World Champs Women’s 1500 — Hassan Finishes Double In Awesome Fashion

Sifan Hassan led an ultra-quick parade of follow-the-leader in the fastest mass finish in 1500 history. (JIRO MOCHIZUKI/PHOTO RUN)

COMING BACK from a stunning victory in the 10,000 a week earlier, Sifan Hassan of the Netherlands lined up for the 1500 as an overwhelming favorite. Running amidst a firestorm of controversy about coach Alberto Salazar (see Last Lap) Hassan channeled her anger into her running, and authored the deepest 1500 of all time. Whether it was her mile WR back in July or the 3:59.09 for 1500 at the end of her 10,000 here, her opponents stepped on the track knowing that their dreams of gold would likely remain in dreamland.

Hassan sailed through the heats with a 4:03.88, the fastest time. In the next day’s semi, she relaxed, needing only a 4:14.69 (57.37 final lap). The other semi was controlled by Ethiopia’s Gudaf Tsegay, who paced the fastest non-final in meet history, one that Jenny Simpson won in 4:00.99.

For the final, 2 days later, there was no warning that it would be anything other than a sit-and-kick championship affair. Canadian recordholder Gabriela DeBues-Stafford led the pack through a first 200 in 32.12, with Hassan far back, as usual. That’s when the former Ethiopian refugee abruptly broke character, charging to the lead before the 300 and setting out on a devastating pace.
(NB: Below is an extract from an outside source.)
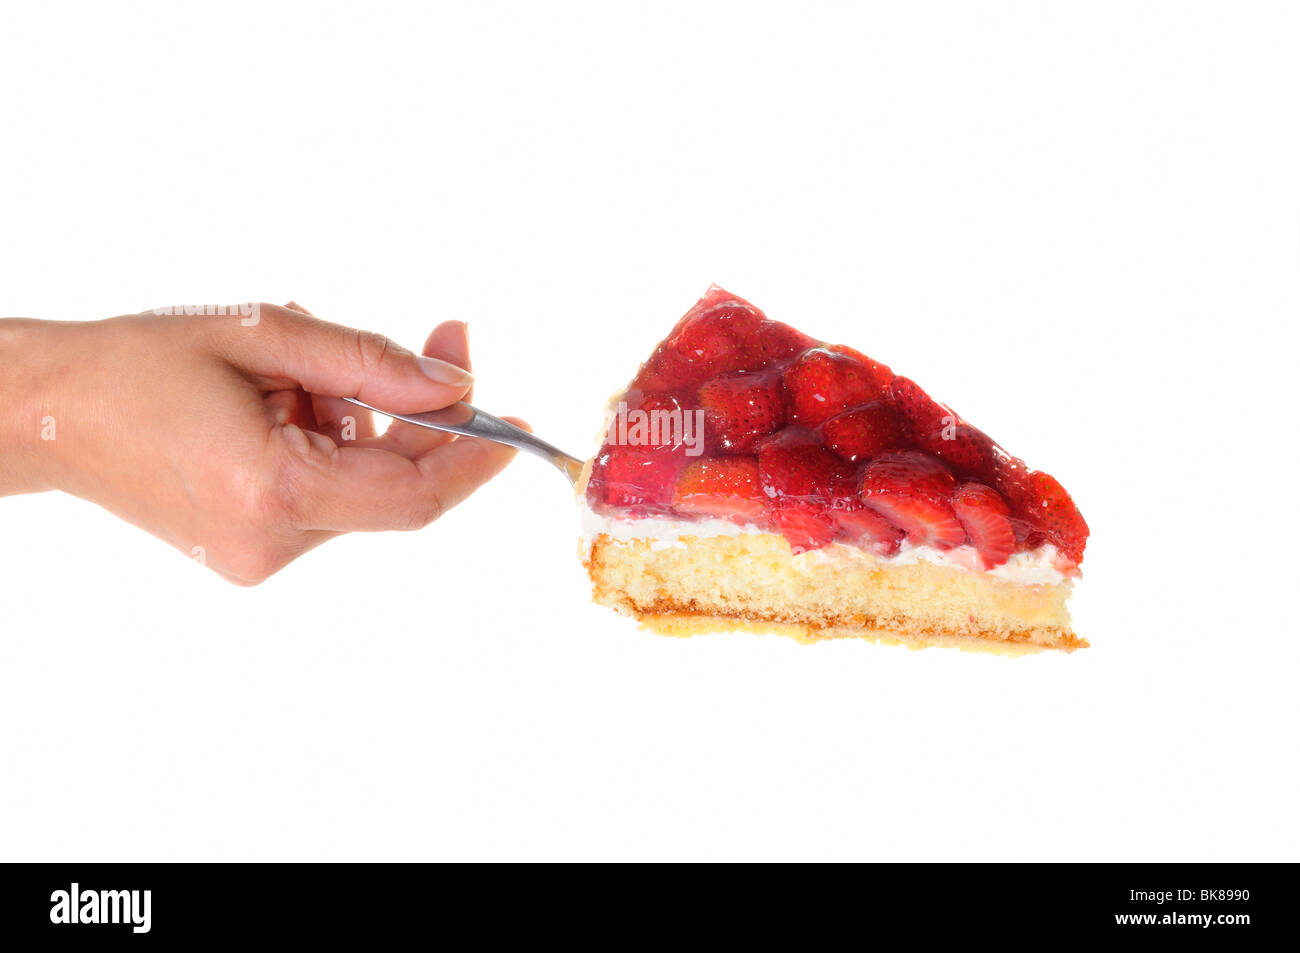 Woman's hand serving a piece of strawberry cake on a cake server Stock Photo
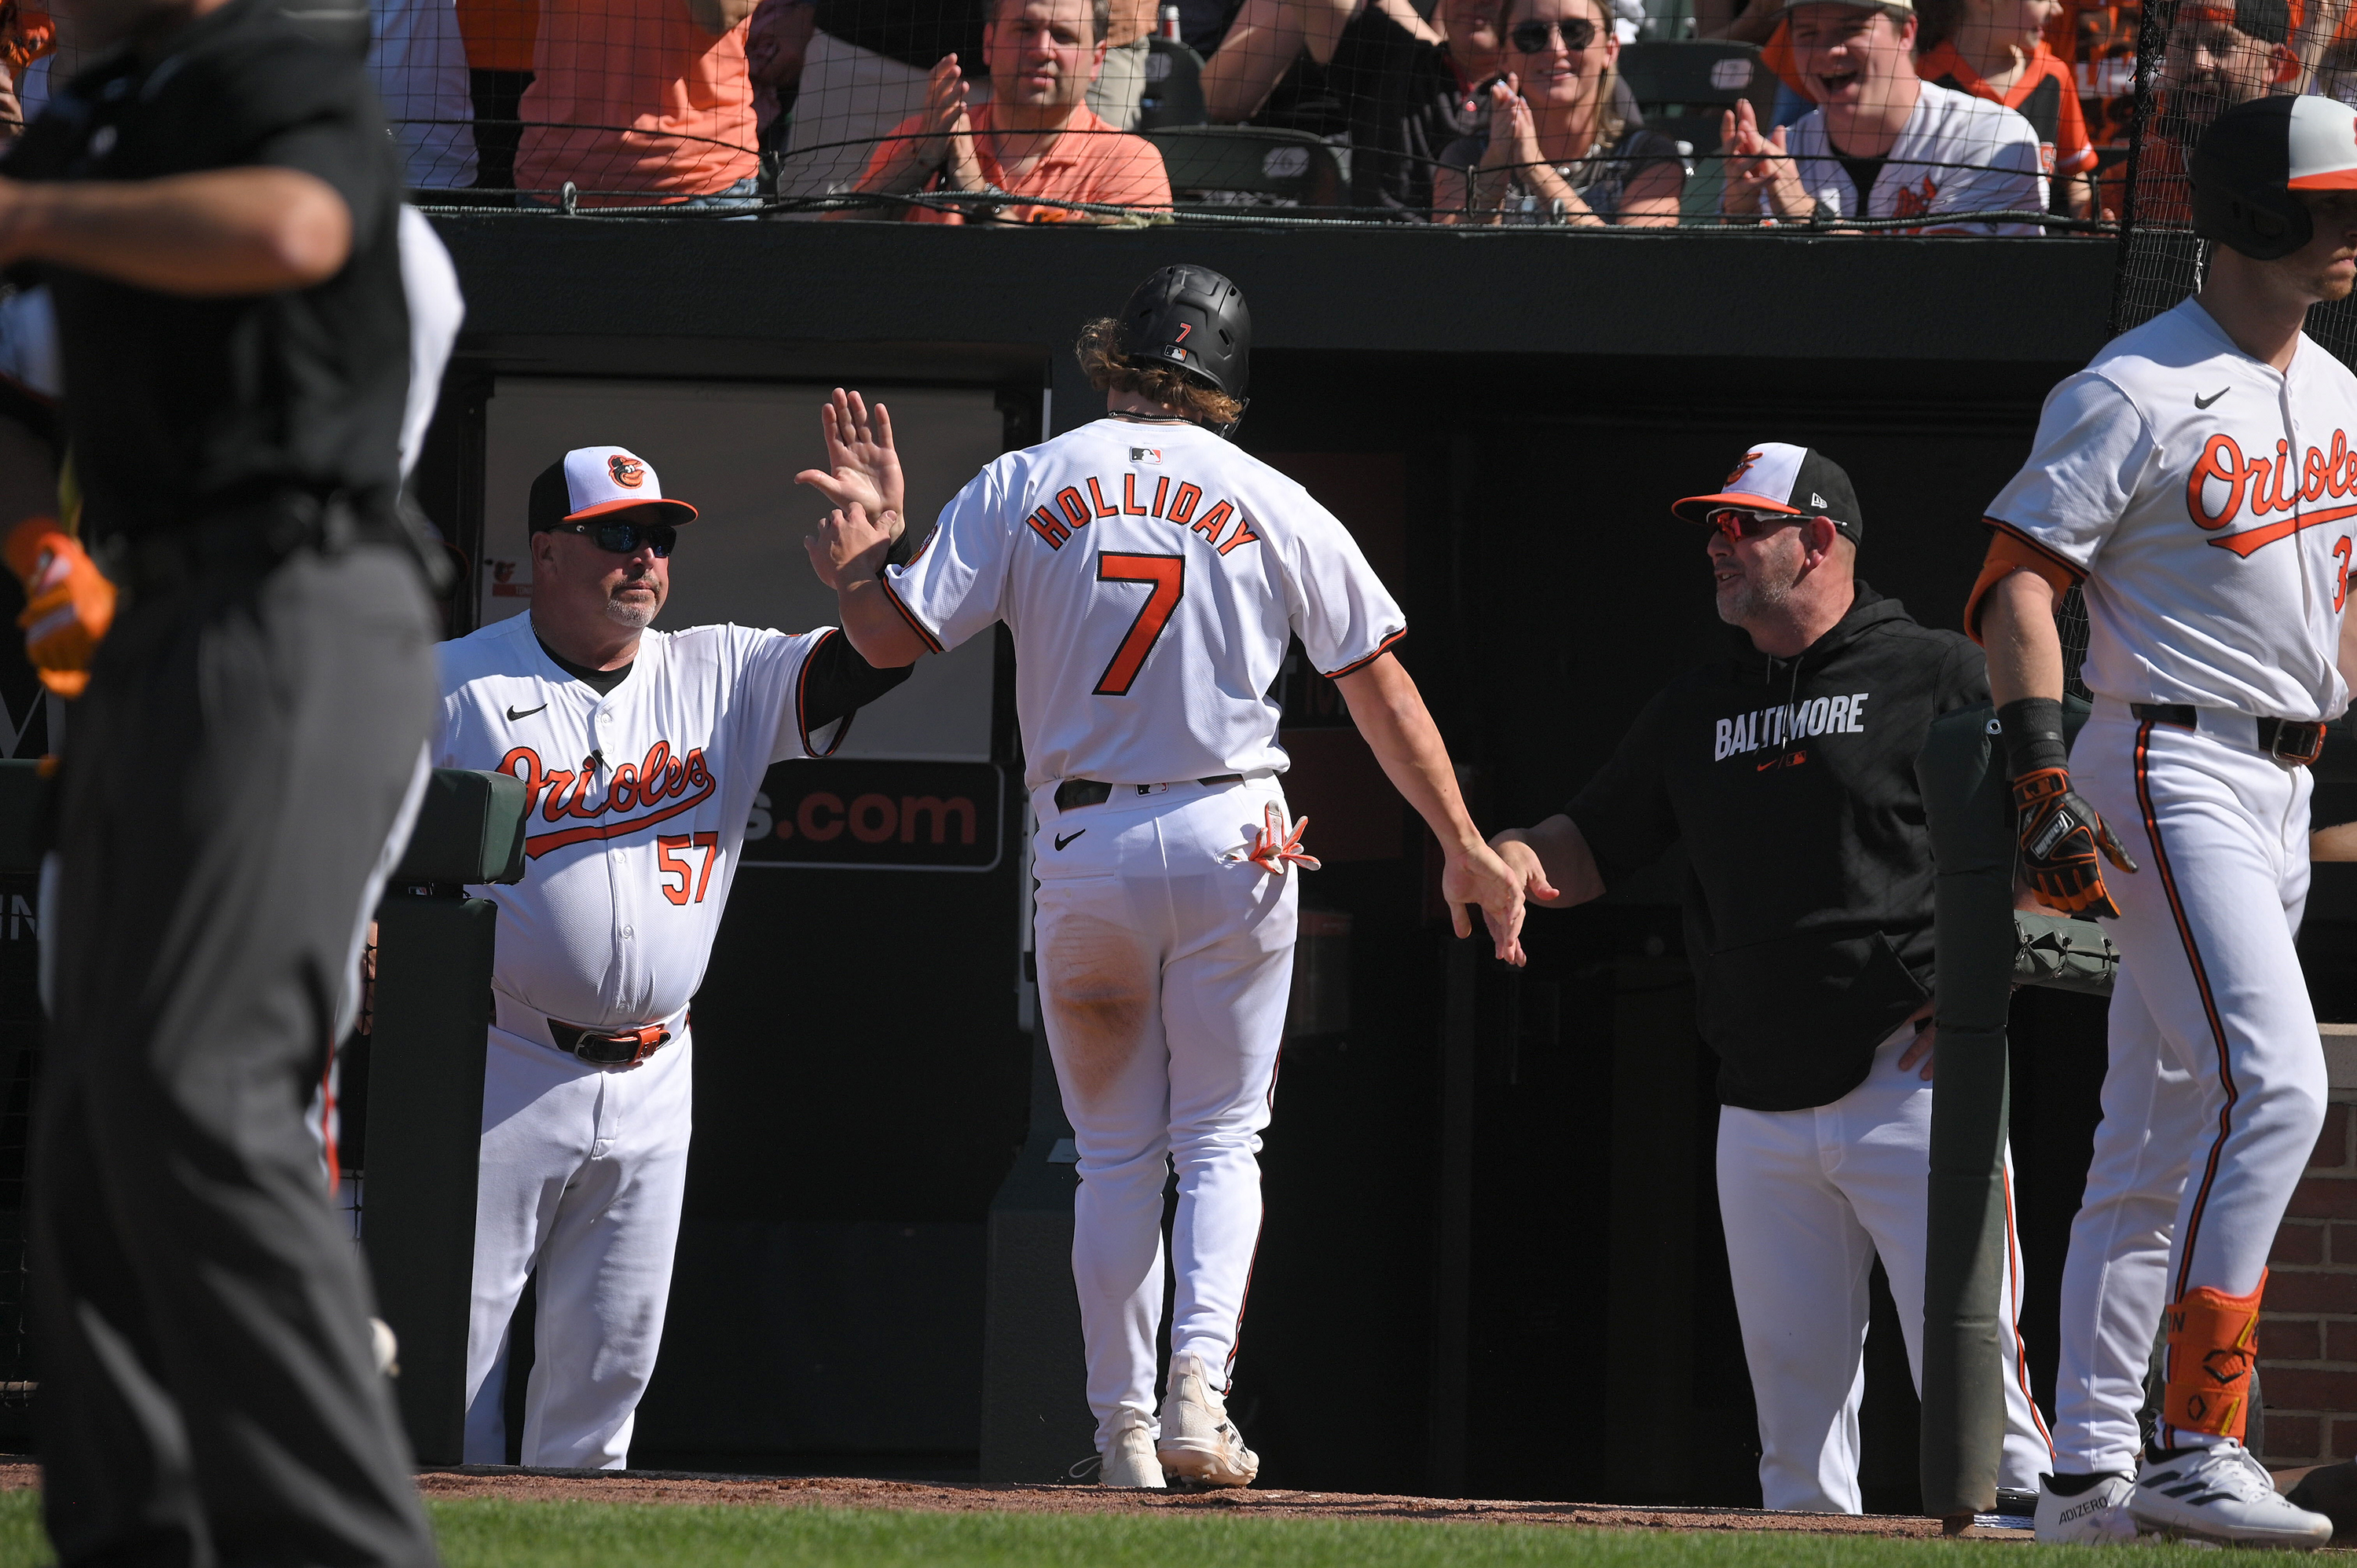 Orioles' Jackson Holliday celebrates as he enters the dugout after scoring in the seventh inning. He had his first MLB hit, a single, during the inning in a game against the Milwaukee Brewers. (Kenneth K. Lam/staff)

She passed the 400 in 63.53. Her next circuit took just 62.42 (2:05.95). Behind her, athletes who had been focused completely on being in the right position for the kick had to suddenly recalculate their journeys. Tsegay and Kenya’s Faith Kipyegon didn’t hesitate to follow the torrid clip immediately, but it wasn’t till after the 800 that Laura Muir, hanging at the back of the pack, finally panicked at the realization that Hassan wasn’t ever going to come back. Muir started moving, followed by Shelby Houlihan.

The flying Dutchwoman continued to scorch the track. A 31.31 furlong brought her to 1000m in a world-leading 2:37.26. The others, though strung out, were holding onto the suicidal pace as if their lives depended on it—at that point 7 were under 2:38.

That was when Hassan crushed every last dream of theirs by speeding up yet again. Her next 200 (30.15) brought her to 1200 in 3:07.41. Muir had fought her way to second, ahead of Tsegay and Kipyegon. Winny Chebet and Houlihan came next. A 28.86 brought Hassan to the final straight, where she burned all her remaining fuel, thinking she might have a shot at the World Record. However even she finally started to struggle; her last 100 (15.68) was one of her slowest. Behind her, Kipyegon caught Muir with a half-lap left. Tsegay waited till the straight before passing the struggling Briton. Houlihan moved out wide to launch her kick, but found little left. She scraped her way past Muir into 4th but could not catch anyone else.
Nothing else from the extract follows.